É um debate de princípios e moralidade, que se desenrola entre pessoas que, na sua esmagadora maioria, já decidiram como votar. Os cidadãos que decidirão as eleições provavelmente nem sabem destas controvérsias e, se soubessem, provavelmente não se importariam.
Os investigadores do Reuters Institute relatam que, uma vez desligadas das notícias, as pessoas lutam para voltar a participar, mesmo que queiram.

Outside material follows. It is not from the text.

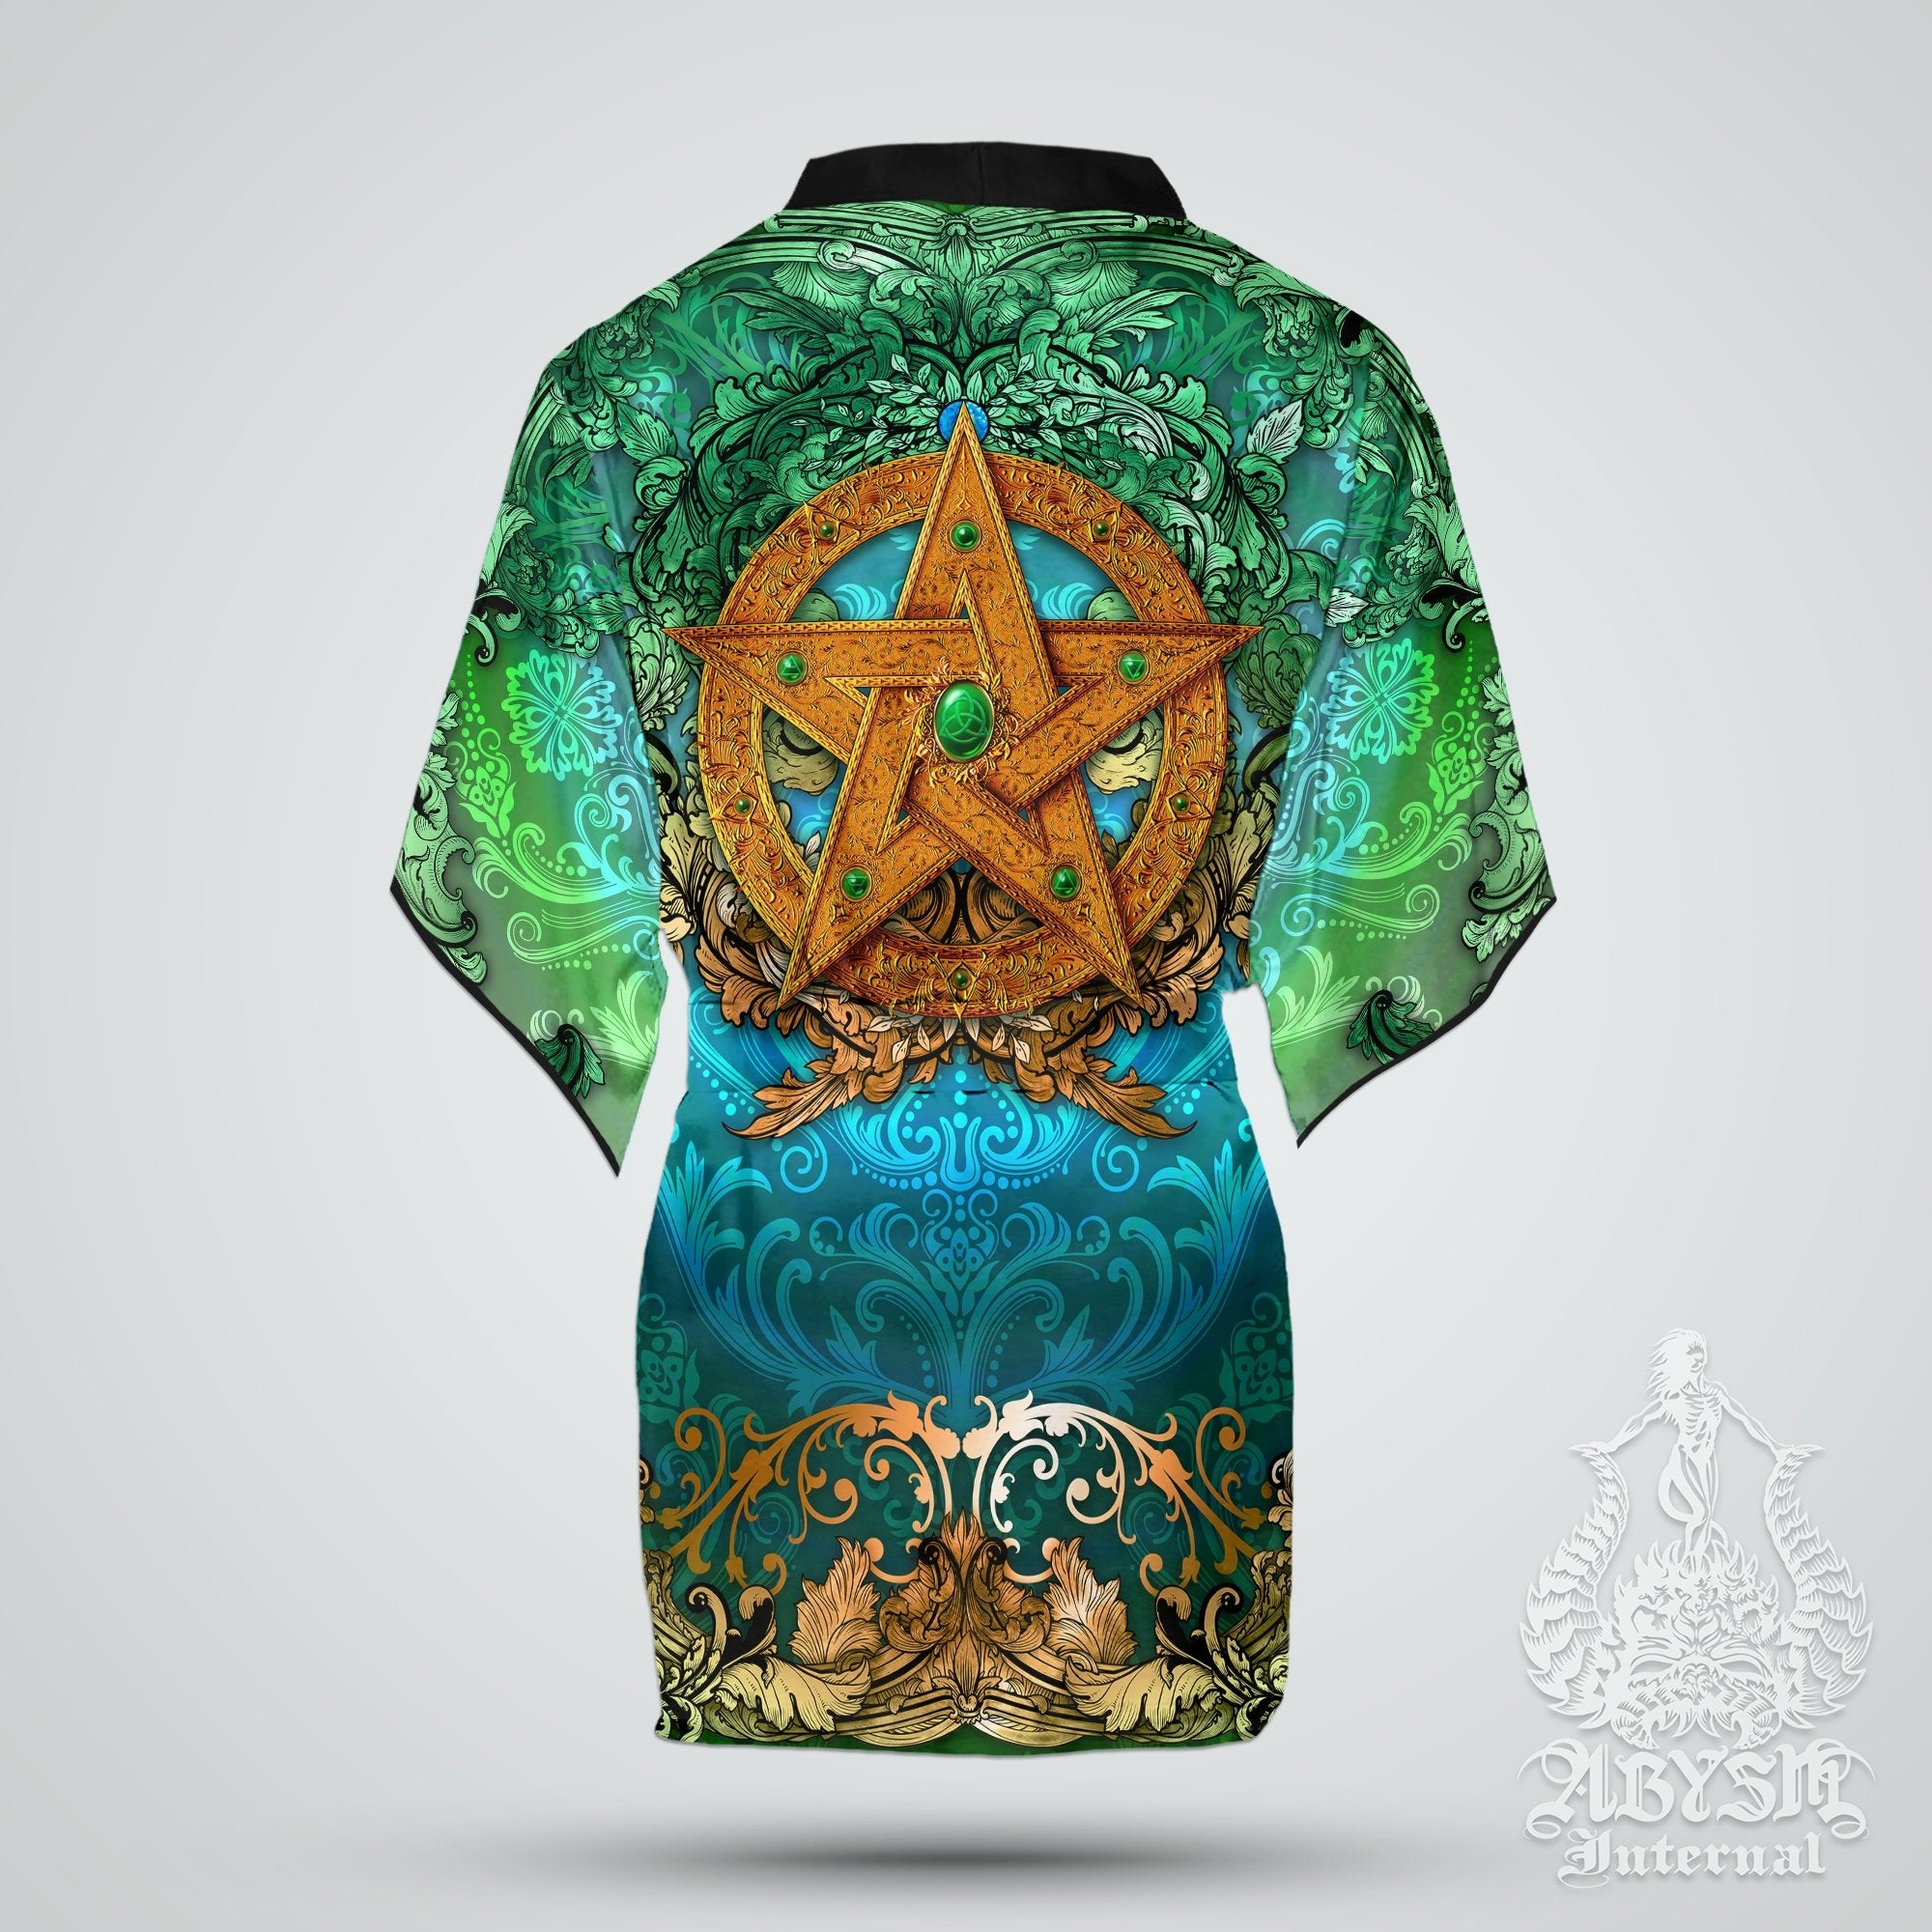 Pentacle Cover Up, Beach Outfit, Witch Party Kimono, Wicca Summer Festival Robe, Witchy Indie and Alternative Clothing, Unisex - Green - Abysm Internal
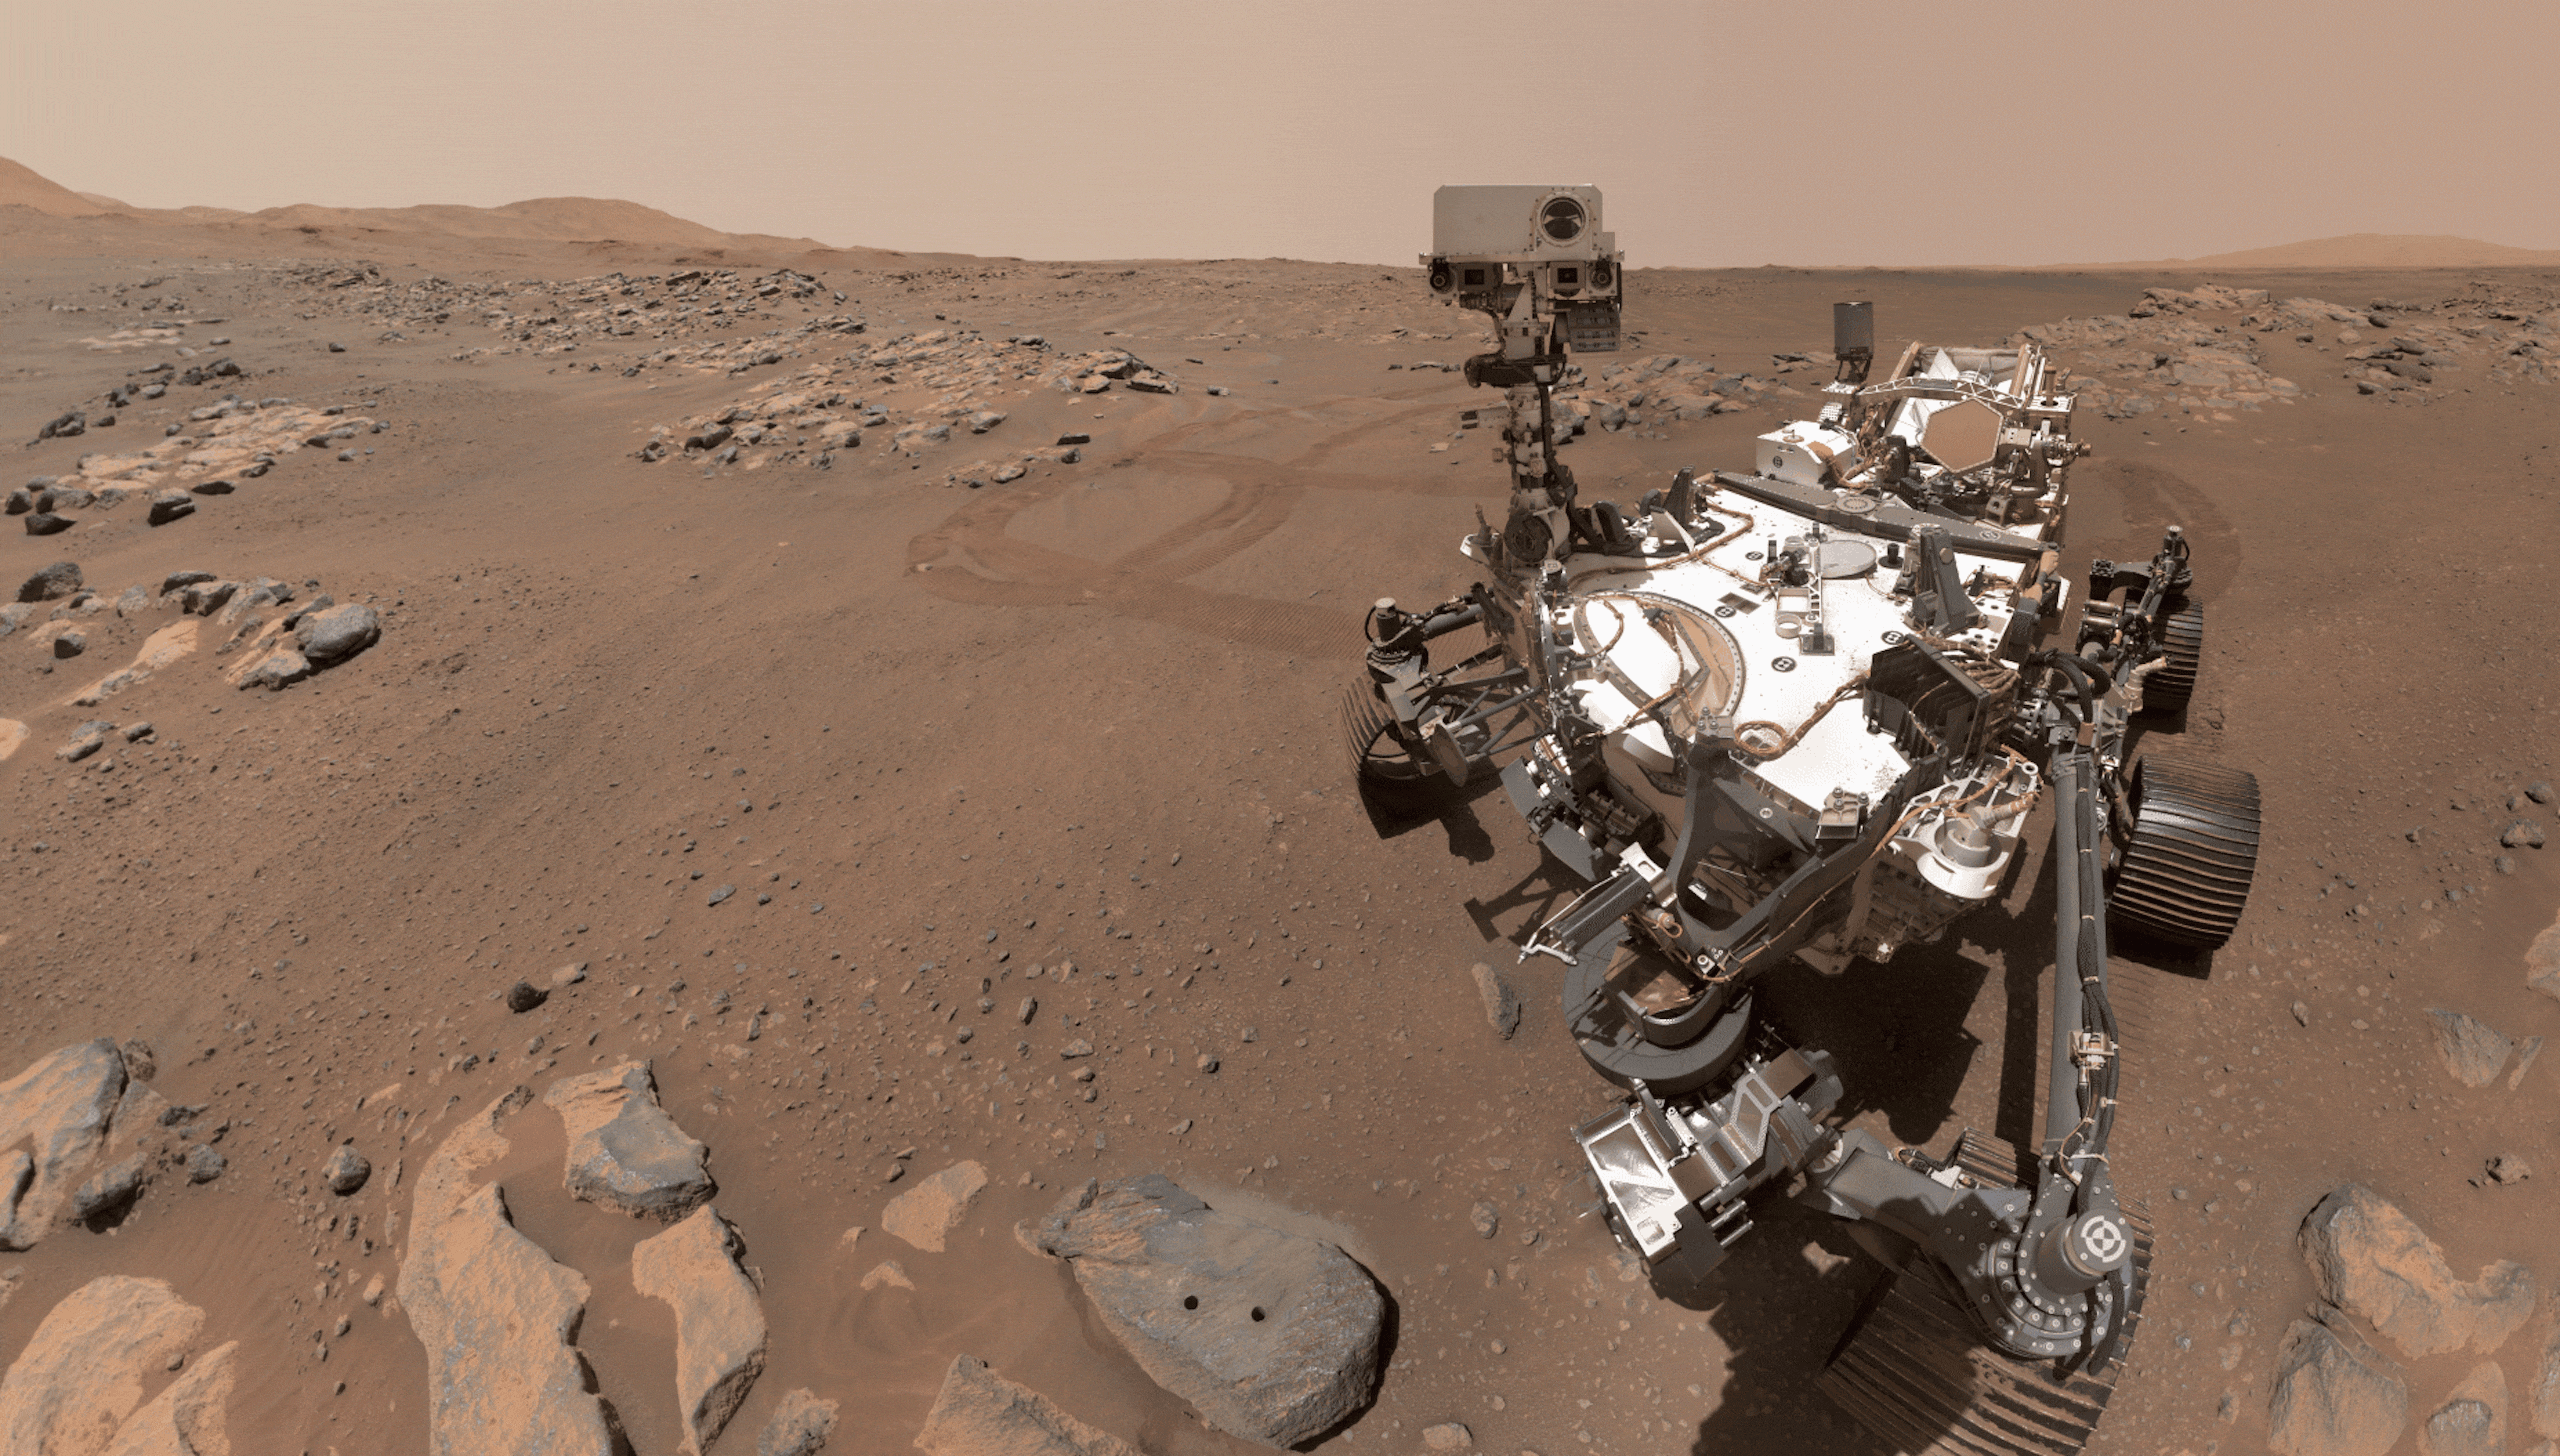 Perseverance rover taking a selfie on Mars.

Benjamim Toff, o autor de um livro sobre como evitar notíciasescreve: “É como tentar sintonizar a quarta temporada de episódios de Game of Thrones sem saber quem são essas pessoas ou que diferença isso faz. Para muitas pessoas, esse é o sentimento delas em relação às notícias.”
Tradicionalmente, a missão jornalística inclui tornar compreensível o que é importante, procurando envolver os descomprometidos. Mas embora isto ainda faça parte da retórica da profissão, a verdade é que a maioria das organizações noticiosas sérias que publicam notícias políticas não estão ao serviço dos politicamente descomprometidos.
Em vez disso, com tanta publicidade a desaparecer dos meios de comunicação social para as plataformas online, o caminho para a sustentabilidade financeira dos meios jornalísticos sérios reside em tentar fazer com que as pessoas que já lêem as notícias passem mais tempo com o meio de comunicação e convertê-las em assinantes pagantes. .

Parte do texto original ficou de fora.